BEGIN DATASET EXTRACT

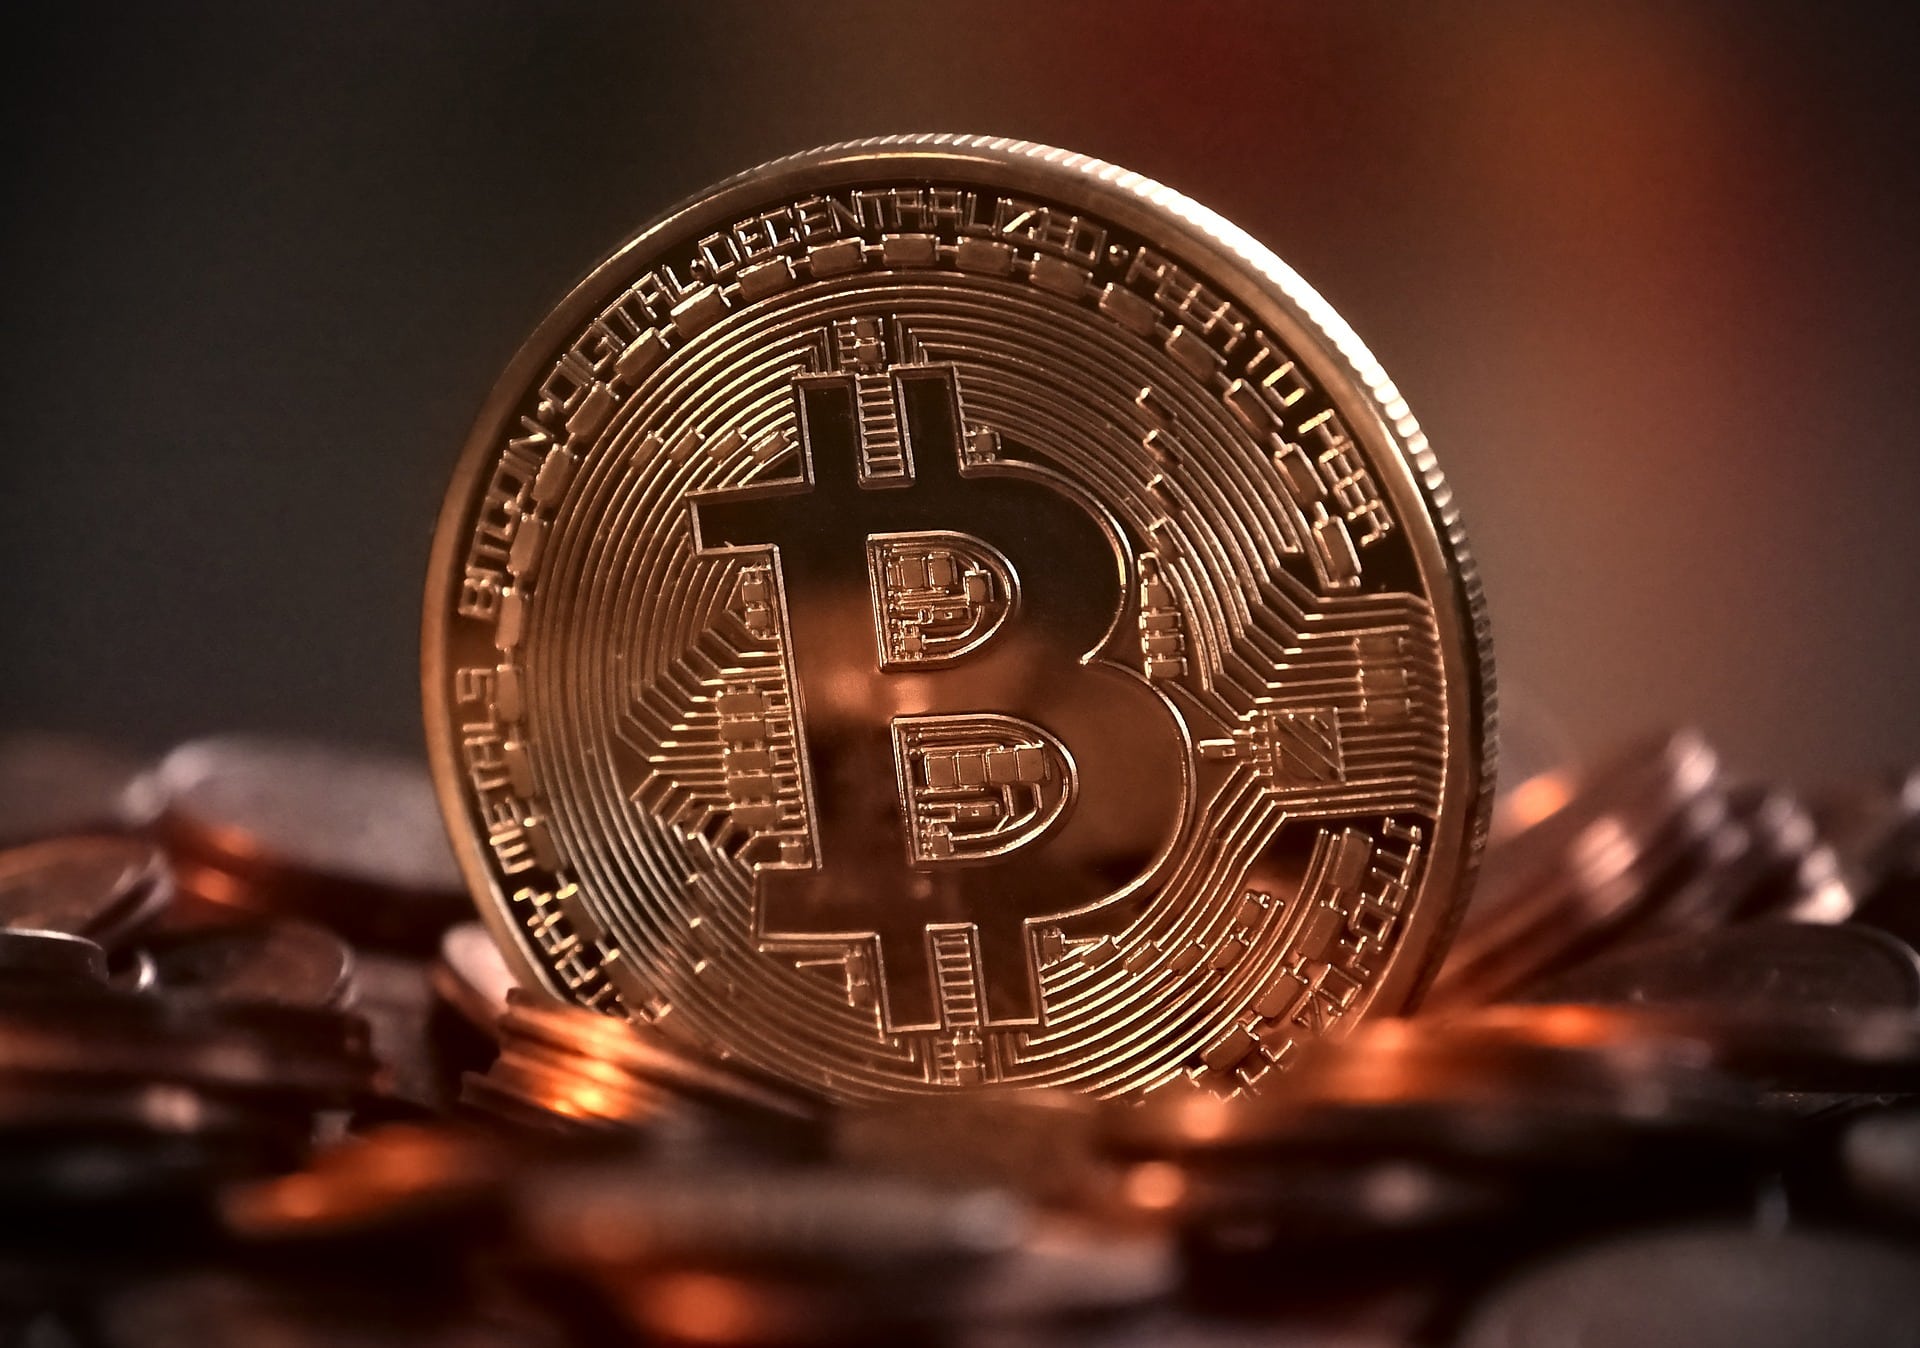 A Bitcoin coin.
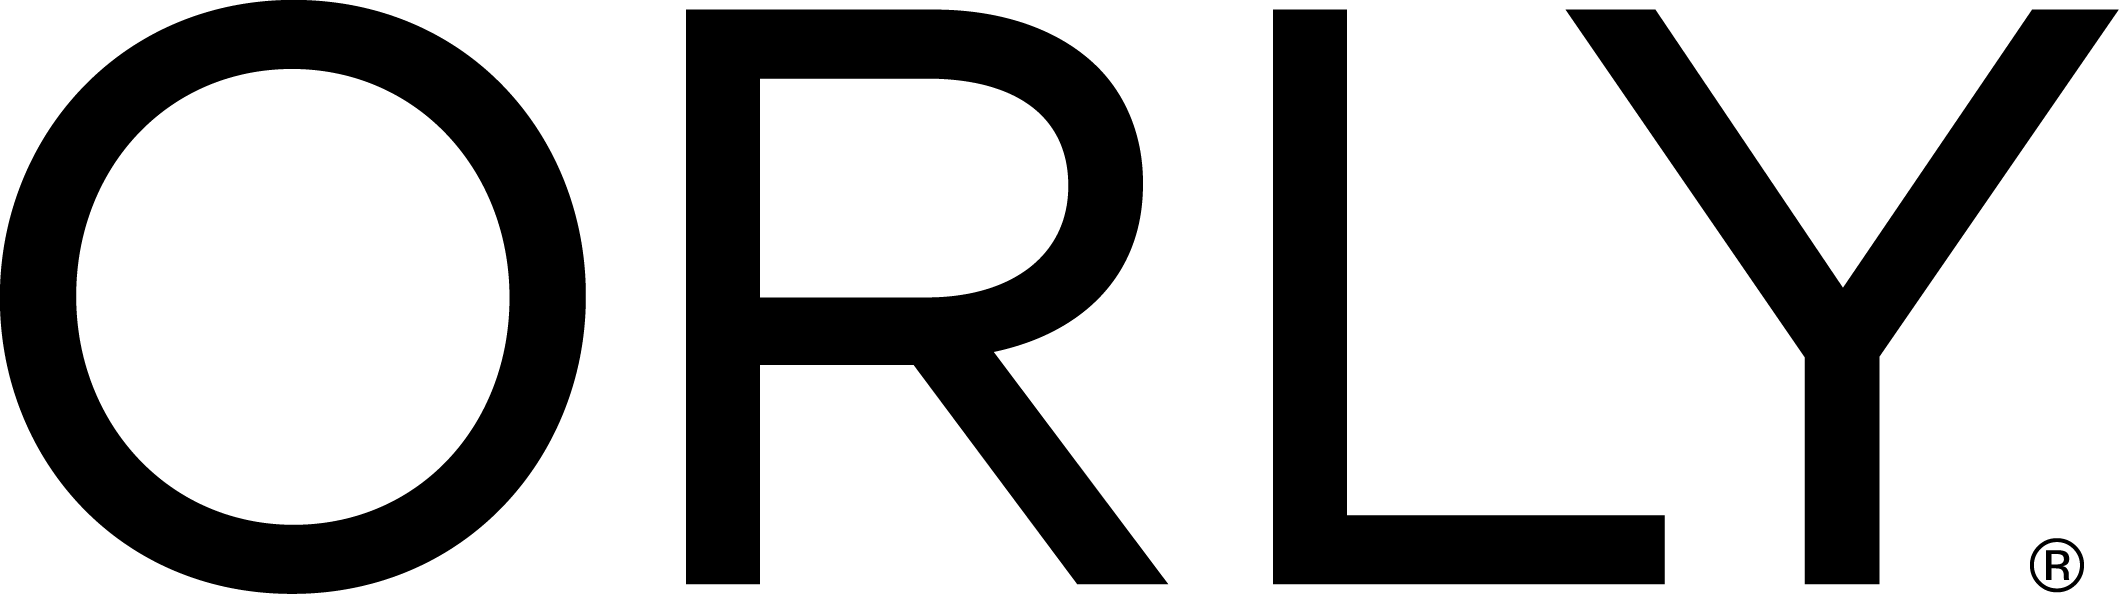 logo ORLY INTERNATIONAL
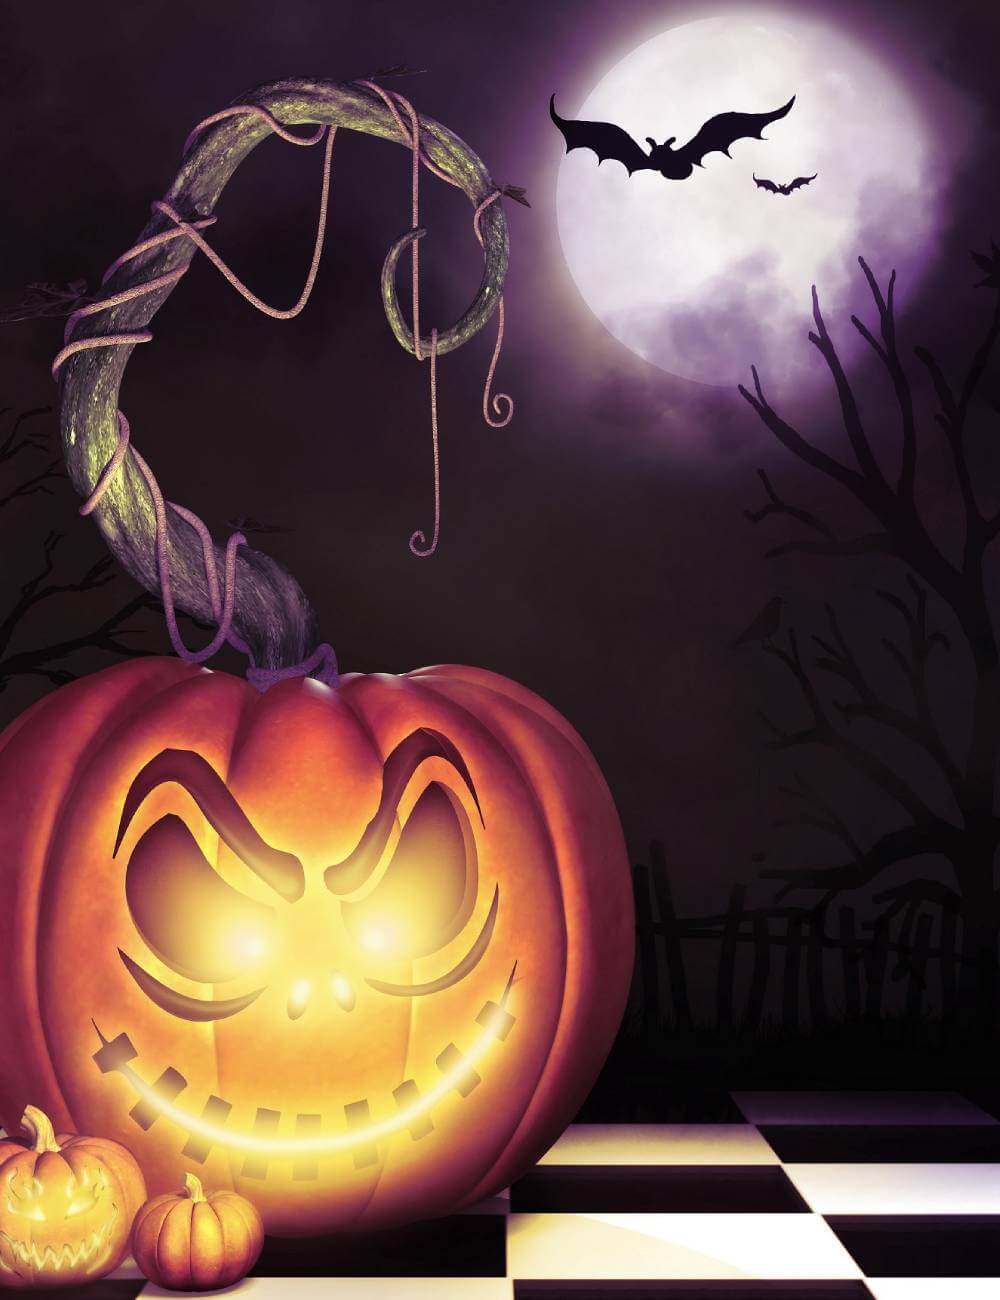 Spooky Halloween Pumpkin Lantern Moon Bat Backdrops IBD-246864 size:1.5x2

END DATASET EXTRACT

INSTRUCTIONS FOR THE TASK
Beginning with the line in which "logo ORLY INTERNATIONAL" appears, repeat exactly each line down to the close of the material, leaving every picture out.

EXERCISE OUTPUT
 logo ORLY INTERNATIONAL
 Spooky Halloween Pumpkin Lantern Moon Bat Backdrops IBD-246864 size:1.5x2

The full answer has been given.